Think of the brain as a knowledge- and action-organ of immense capacity; how do we enable the owners to make the most of their assets? College is the time when young people can take a “hockey-stick” shift in their ability to reason, question, inquire, analyze, communicate, collaborate, and imagine. And if they don’t make that transition, then they have stalled out on a lot of the discoveries and achievements they would otherwise have made later in life.
Here is what I mean by a “hockey stick” phenomenon:


On this curve the variable plotted in red took off with qualitatively different growth around 2000, and its growth from that point forward was dramatically different from the earlier years.
If we wanted to adapt this particular graph to the cumulative development of cognitive capacity from birth to adulthood, it would work pretty well, with a rapid surge in years 1-4, a slow accumulation through grades 1-9, perhaps some back-sliding in grades 10-12, and then a real acceleration from freshman year in college through graduation.
So the really great question for university professors is this: how to challenge students to throw themselves into that “growth spurt” of intellectual capacity through the experiences they have in the classroom, in the library and laboratory, and in collaborative work with other students? How can we make sure that university students get the challenges and opportunities that are needed to allow their own talents to blossom along the hockey-stick part of the curve?

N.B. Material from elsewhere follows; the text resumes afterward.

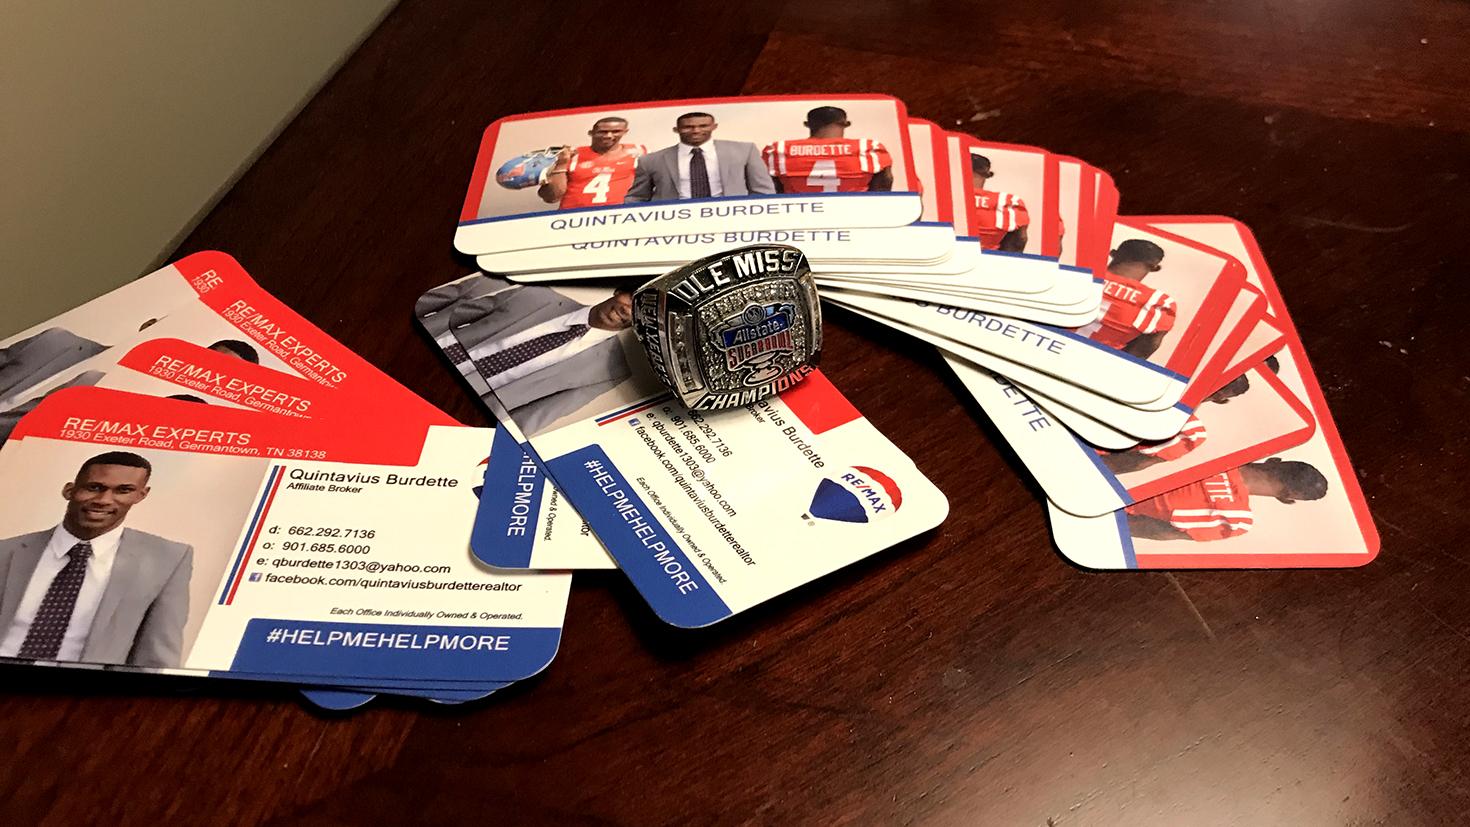 Quintavius Burdette's busines cards and football ring

I suspect people who have coached young people in a sport like track, tennis, or swimming will see something similar in their observations of the development of talent at various points in the young athlete’s process: some setbacks, some periods of long, slow improvement, and then a sustained period when things are coming together and there is very rapid progress.
Of course college needs to help young people to develop some very prosaic skills — better analytical tools, better ability to communicate, better ability to empathize with other people’s experiences. But beyond all of that, we need to be helping each young person actualize those intellectual and personal talents that lay dormant in them, and to take that series of steps that leads to flight.
It is my impression that this aspiration is very consistent with the educational philosophy of John Dewey, who emphasized the importance of spontaneity, freedom, and imagination in his writings about the education of children. He believed that this sort of environment brought out the best in each child. But we can have the same optimism about a university education: emphasize self-direction, challenge, creativity, independence, and self-respect, and we can expect great things from our young people.